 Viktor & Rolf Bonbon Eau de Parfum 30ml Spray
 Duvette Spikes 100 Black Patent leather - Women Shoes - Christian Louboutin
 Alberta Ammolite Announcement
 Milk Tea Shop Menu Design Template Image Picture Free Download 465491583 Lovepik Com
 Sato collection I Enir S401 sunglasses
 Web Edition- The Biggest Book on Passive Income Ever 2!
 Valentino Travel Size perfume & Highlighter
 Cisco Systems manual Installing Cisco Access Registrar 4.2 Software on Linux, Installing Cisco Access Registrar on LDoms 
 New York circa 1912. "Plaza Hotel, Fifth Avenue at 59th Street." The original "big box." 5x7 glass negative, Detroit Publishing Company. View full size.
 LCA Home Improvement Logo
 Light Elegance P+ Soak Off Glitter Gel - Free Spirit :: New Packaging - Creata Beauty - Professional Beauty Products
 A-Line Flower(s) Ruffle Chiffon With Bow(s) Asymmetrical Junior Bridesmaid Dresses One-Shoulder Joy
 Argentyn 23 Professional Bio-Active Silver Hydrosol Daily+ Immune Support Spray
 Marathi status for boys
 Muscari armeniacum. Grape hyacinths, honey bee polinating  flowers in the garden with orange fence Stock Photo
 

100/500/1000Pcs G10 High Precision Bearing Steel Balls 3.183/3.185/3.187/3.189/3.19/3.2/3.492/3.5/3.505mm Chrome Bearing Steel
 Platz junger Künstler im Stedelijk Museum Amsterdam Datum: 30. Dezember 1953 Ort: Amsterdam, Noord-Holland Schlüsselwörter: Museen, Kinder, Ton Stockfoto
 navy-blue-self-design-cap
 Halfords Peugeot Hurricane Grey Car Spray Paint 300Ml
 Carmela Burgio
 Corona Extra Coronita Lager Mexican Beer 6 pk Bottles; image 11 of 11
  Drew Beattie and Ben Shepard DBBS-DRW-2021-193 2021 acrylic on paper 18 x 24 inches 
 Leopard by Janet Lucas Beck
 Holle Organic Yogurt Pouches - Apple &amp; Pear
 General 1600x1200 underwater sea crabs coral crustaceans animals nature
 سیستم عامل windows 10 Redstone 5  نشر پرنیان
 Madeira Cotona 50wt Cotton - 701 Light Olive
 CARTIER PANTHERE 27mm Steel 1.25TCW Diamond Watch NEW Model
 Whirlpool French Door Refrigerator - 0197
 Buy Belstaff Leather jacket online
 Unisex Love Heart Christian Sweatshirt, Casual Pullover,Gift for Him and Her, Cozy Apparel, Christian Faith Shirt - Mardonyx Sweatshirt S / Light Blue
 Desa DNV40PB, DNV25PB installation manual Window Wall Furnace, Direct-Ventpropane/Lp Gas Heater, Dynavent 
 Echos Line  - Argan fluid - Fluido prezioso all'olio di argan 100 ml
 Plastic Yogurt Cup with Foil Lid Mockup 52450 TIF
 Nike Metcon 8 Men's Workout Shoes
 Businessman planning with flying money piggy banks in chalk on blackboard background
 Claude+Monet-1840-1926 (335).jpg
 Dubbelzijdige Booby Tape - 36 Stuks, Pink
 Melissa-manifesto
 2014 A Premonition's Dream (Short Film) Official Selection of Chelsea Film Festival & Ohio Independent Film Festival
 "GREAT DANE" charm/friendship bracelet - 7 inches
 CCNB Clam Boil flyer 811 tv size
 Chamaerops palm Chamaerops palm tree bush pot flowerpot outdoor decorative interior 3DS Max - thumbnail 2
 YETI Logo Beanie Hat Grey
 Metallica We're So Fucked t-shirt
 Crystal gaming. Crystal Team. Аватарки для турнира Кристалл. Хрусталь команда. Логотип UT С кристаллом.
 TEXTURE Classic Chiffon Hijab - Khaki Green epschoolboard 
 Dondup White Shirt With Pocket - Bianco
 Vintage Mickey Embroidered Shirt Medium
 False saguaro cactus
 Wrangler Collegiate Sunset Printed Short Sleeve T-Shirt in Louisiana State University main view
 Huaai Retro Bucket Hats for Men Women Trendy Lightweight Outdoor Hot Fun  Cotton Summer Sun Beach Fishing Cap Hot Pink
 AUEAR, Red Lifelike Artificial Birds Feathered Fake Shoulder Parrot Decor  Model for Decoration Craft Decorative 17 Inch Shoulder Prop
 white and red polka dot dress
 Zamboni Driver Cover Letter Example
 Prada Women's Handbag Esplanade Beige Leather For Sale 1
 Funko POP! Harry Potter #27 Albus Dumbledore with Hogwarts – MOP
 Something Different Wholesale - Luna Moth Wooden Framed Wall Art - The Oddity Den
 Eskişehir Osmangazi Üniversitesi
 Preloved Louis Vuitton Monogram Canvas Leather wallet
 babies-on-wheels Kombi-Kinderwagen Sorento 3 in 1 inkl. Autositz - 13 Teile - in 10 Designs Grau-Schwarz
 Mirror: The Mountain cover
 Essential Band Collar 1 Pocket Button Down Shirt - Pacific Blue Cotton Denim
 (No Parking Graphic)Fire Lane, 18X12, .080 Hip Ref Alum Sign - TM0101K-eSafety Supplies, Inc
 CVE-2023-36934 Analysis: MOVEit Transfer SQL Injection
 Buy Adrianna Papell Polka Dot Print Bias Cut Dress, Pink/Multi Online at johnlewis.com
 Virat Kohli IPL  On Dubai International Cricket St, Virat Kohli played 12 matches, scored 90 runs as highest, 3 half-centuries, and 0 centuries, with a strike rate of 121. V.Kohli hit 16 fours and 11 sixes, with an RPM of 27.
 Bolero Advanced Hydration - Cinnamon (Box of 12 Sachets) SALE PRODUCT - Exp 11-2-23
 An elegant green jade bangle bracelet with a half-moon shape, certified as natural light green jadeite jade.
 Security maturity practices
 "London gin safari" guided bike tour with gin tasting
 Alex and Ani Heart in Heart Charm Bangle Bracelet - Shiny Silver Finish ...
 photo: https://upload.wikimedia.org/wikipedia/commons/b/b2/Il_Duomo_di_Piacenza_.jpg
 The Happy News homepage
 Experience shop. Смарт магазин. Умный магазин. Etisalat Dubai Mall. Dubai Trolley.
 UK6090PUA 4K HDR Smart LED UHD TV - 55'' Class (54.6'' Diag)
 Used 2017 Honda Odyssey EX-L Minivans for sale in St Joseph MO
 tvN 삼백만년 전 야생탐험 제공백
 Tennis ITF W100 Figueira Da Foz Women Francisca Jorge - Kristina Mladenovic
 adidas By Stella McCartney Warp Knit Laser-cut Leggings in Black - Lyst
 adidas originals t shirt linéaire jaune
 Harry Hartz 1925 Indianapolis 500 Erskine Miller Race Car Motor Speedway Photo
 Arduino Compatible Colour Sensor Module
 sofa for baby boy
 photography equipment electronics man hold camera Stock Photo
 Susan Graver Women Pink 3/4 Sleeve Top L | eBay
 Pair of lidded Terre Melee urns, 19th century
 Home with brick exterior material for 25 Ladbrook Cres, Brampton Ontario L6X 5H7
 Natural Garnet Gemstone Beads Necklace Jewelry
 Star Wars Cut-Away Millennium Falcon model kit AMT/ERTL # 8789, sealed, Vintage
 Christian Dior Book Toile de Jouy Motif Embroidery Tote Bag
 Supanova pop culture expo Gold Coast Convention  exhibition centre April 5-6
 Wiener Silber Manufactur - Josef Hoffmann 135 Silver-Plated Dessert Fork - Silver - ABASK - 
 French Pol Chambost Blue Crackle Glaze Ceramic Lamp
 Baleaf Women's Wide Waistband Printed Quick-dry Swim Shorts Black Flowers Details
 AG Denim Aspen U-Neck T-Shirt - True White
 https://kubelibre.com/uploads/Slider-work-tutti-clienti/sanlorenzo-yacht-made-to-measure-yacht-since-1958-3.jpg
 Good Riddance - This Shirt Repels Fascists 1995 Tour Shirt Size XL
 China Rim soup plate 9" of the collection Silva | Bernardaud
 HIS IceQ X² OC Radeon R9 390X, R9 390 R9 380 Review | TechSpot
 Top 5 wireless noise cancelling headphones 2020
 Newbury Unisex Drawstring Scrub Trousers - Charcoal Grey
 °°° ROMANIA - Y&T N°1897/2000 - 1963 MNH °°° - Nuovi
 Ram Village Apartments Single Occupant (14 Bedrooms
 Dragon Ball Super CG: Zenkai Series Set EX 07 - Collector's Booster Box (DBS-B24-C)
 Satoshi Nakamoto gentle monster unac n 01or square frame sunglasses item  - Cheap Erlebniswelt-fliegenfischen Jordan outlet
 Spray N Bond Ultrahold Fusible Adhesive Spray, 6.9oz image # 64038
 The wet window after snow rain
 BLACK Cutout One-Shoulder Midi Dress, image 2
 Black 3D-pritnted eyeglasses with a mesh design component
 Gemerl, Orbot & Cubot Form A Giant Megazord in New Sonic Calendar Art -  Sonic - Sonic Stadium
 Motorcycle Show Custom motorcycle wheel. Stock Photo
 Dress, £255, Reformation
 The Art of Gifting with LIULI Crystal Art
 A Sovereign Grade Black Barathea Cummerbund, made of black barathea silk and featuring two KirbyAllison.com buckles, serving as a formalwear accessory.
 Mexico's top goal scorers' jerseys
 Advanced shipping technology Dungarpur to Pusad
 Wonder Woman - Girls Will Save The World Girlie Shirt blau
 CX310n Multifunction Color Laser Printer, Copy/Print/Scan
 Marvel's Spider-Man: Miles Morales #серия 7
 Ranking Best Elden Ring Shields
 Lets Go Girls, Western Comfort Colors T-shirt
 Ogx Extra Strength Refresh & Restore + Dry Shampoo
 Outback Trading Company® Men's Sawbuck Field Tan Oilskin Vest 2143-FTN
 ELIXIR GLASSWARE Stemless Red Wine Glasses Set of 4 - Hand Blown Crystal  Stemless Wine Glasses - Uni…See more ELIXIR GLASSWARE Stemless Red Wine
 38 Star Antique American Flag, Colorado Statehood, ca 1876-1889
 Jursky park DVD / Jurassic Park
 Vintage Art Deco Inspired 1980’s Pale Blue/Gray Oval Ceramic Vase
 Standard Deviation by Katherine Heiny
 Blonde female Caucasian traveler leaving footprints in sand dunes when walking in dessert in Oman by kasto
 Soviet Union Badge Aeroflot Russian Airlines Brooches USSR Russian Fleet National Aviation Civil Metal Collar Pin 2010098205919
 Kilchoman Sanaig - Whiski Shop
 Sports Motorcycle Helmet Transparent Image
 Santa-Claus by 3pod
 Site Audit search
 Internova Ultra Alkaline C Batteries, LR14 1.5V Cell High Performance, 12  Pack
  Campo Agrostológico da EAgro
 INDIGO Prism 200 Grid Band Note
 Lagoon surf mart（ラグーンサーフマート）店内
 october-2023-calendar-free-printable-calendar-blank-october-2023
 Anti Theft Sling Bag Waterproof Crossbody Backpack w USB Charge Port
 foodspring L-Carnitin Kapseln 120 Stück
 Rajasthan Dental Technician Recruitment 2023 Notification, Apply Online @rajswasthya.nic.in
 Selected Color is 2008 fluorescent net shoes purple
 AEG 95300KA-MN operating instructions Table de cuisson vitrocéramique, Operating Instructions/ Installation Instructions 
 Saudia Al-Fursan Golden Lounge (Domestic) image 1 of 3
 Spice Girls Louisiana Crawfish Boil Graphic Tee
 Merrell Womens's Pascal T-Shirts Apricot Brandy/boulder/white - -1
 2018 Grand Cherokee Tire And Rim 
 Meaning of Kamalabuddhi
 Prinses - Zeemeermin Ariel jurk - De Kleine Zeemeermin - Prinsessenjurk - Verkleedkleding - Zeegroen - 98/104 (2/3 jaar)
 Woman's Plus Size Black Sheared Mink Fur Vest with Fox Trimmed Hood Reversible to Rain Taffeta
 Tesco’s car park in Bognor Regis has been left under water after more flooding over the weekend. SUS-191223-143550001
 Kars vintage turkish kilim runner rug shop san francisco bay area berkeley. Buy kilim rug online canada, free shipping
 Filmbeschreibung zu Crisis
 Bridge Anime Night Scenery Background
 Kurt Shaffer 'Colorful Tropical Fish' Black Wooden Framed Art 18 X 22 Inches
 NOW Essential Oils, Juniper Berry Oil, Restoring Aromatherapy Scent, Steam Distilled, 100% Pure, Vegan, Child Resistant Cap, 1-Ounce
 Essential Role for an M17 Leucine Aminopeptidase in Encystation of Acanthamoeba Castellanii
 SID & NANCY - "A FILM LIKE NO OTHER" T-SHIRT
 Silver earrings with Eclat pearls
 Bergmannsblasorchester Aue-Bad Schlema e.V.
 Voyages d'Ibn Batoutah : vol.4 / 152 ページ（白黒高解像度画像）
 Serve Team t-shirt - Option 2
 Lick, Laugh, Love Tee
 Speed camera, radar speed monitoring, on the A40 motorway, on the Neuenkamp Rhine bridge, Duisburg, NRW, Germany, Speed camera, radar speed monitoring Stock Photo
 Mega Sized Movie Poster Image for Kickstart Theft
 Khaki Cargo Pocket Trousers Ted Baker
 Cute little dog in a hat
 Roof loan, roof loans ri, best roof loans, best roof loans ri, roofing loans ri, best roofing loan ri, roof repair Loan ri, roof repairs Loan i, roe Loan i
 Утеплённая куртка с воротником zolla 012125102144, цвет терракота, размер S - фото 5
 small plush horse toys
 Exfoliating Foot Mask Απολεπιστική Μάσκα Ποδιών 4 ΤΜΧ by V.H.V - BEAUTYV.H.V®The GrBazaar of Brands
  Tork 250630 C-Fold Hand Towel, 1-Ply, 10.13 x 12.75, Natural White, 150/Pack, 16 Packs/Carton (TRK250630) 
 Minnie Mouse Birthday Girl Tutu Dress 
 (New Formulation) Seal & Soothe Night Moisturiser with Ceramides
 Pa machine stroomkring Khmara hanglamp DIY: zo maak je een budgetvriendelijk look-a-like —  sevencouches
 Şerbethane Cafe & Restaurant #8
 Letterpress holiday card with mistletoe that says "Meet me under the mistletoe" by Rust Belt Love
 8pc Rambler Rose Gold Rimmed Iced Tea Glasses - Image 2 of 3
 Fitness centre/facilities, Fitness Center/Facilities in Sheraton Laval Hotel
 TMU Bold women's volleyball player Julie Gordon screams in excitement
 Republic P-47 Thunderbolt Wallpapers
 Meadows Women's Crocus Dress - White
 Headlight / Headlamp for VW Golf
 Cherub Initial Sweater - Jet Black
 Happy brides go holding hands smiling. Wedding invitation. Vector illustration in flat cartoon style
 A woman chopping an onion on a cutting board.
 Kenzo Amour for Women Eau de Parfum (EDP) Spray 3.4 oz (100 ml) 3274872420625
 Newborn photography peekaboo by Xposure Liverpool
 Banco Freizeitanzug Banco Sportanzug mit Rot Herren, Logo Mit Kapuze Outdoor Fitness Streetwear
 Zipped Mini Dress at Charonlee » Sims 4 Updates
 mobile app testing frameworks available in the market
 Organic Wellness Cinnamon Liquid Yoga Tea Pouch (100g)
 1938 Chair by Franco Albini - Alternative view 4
☆ ☆ ☆ ☆ ☆ ☆ ☆
● WORK ORDER
The answer must be all the lines above that hold the word "collection".

● WORKED SOLUTION
 Sato collection I Enir S401 sunglasses
 China Rim soup plate 9" of the collection Silva | Bernardaud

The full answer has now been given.